Reputation:
In Ruby 1.9 the File and IO libraries were changed -- they now seem to always interpret the data as encoded strings (e.g. UTF-8), and the returned values seem to be always strings.
I need to read a file in Ruby 1.9 byte by byte, without any modification or interpretation of the data. I want to read byte sequences, not encoded strings.
Any tips on how to best do this?
Upvotes: 3
Views: 1743
Reputation: 80065
IO has the binmode method (calling it is setting it), which disables newline and encoding conversion. The File class inherits this method.
Upvotes: 1
Reputation: 33732
I had a similar problem in a gem I wrote. Here's the relevant code: (you don't need the require statements)

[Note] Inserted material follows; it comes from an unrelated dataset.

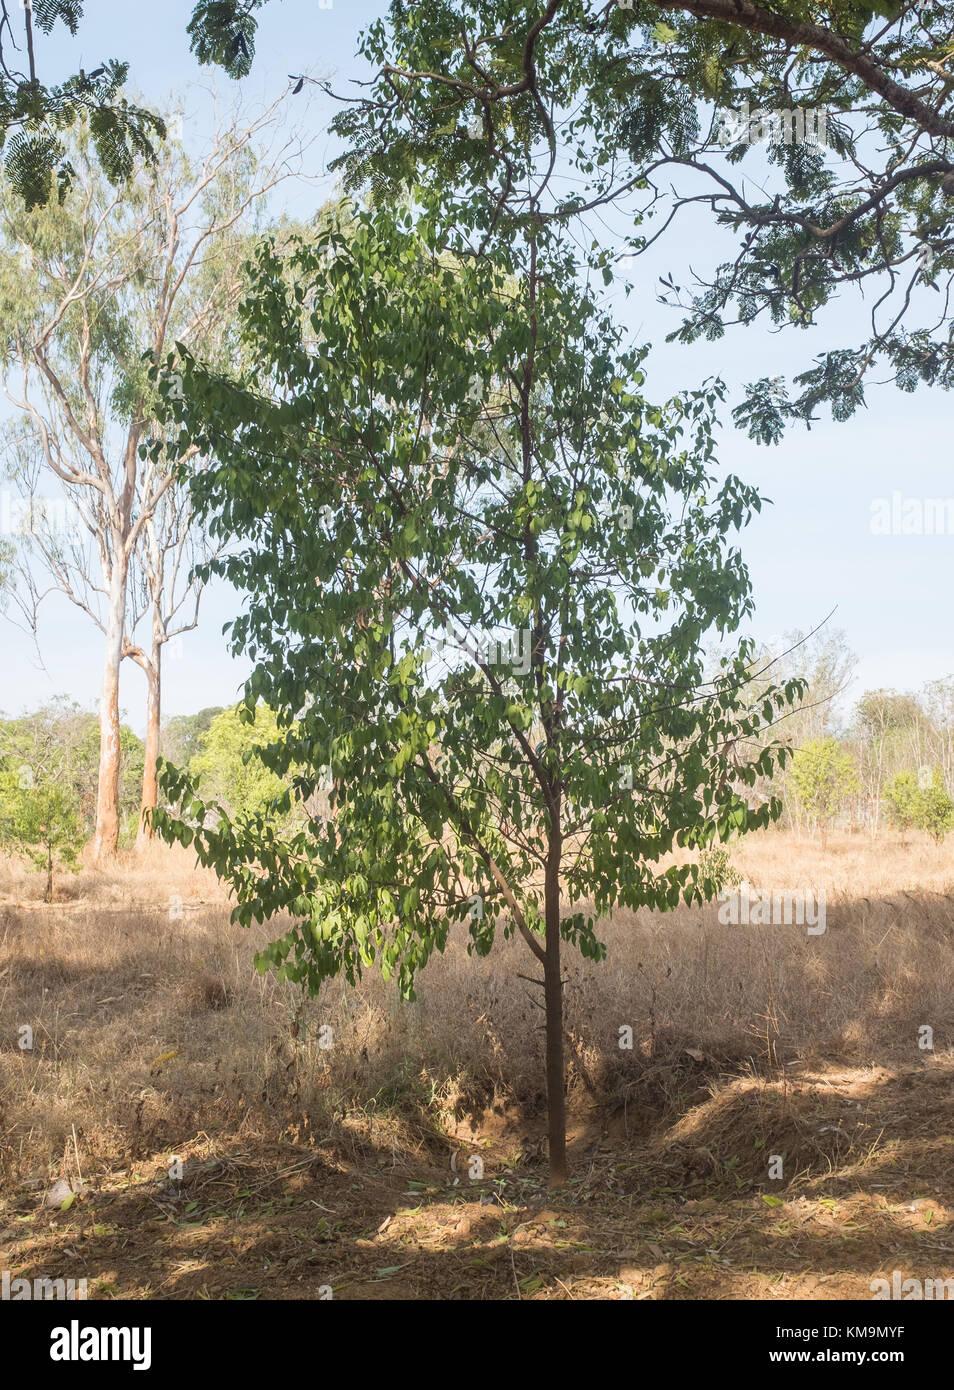 Young sandal (Santalum album) trees, Mysore, Karnataka, India. - Stock Image
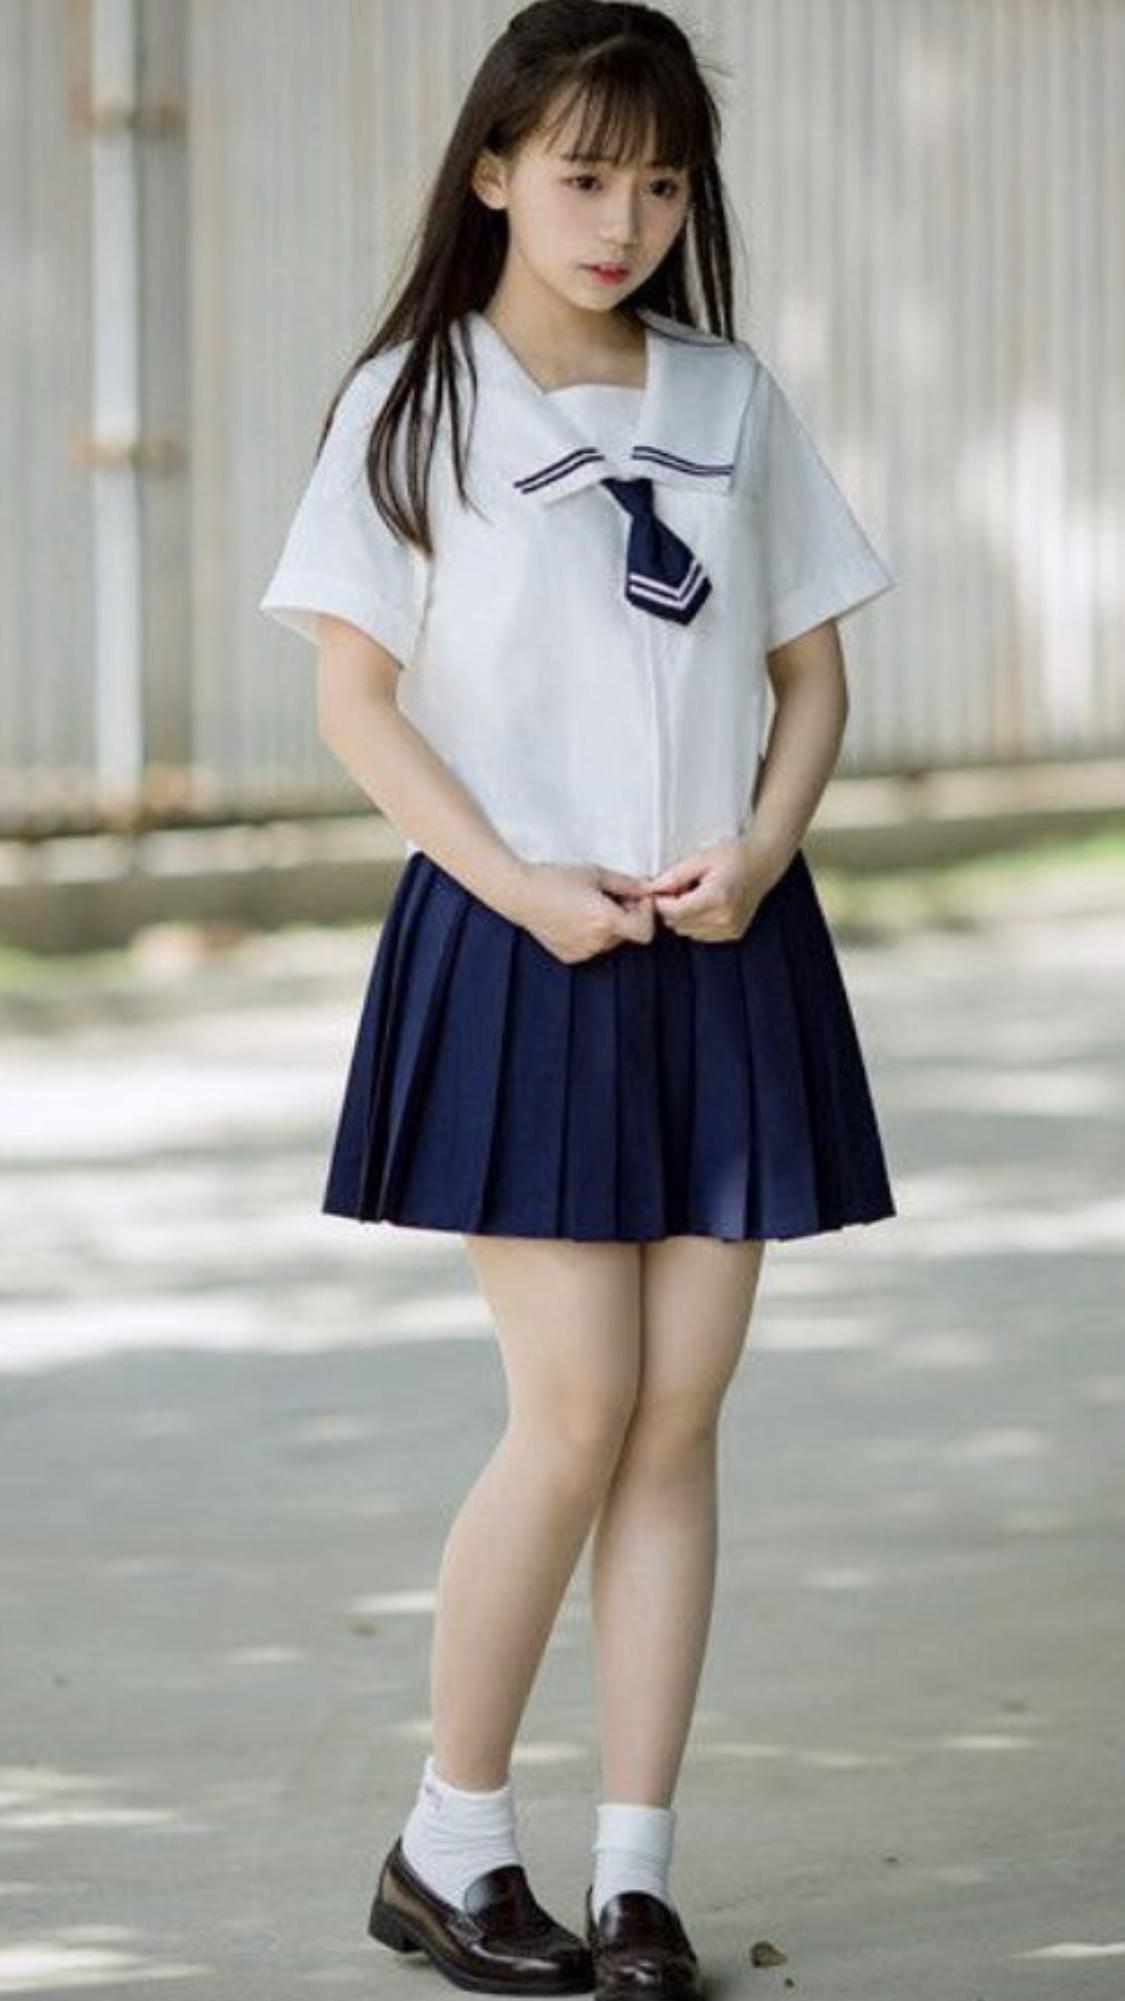 Pretty Japanese Schoolgirl | Good Asian Girl

# ==============================================================================
# Loading Libraries and Stuff needed for Ruby 1.9 vs 1.8 Compatibility
# ==============================================================================
# the idea here is to define a couple of go-between methods for different classes
# which are differently defined depending on which Ruby version it is -- thereby
# abstracting from the particular Ruby version's API of those classes
if RUBY_VERSION >= "1.9.0"
require "digest/md5"
require "digest/sha1"
include Digest
require 'fileutils' # replaces ftools
include FileUtils::Verbose
class File
def read_bytes(n) # returns a string containing bytes
self.bytes.take(n)
end
def write_bytes(bytes)
self.syswrite(bytes)
end
def get_byte
self.getbyte # returns a number 0..255
end
end
ZEROBYTE = "\x00".force_encoding(Encoding::BINARY) unless defined? ZEROBYTE
else # older Ruby versions:
require 'rubygems'
require "md5"
require "sha1"
require 'ftools'
def move(a,b)
File.move(a,b)
end
class String
def getbyte(x) # when accessing a string and selecting x-th byte to do calculations , as defined in Ruby 1.9
self[x] # returns an integer
end
end
class File
def read_bytes(n)
self.read(n) # should use sysread here as well?
end
def write_bytes(bytes)
self.write(bytes) # should use syswrite here as well?
end
def get_byte # in older Ruby versions <1.9 getc returned a byte, e.g. a number 0..255
self.getc # returns a number 0..255
end
end
ZEROBYTE = "\0" unless defined? ZEROBYTE
end
Upvotes: 3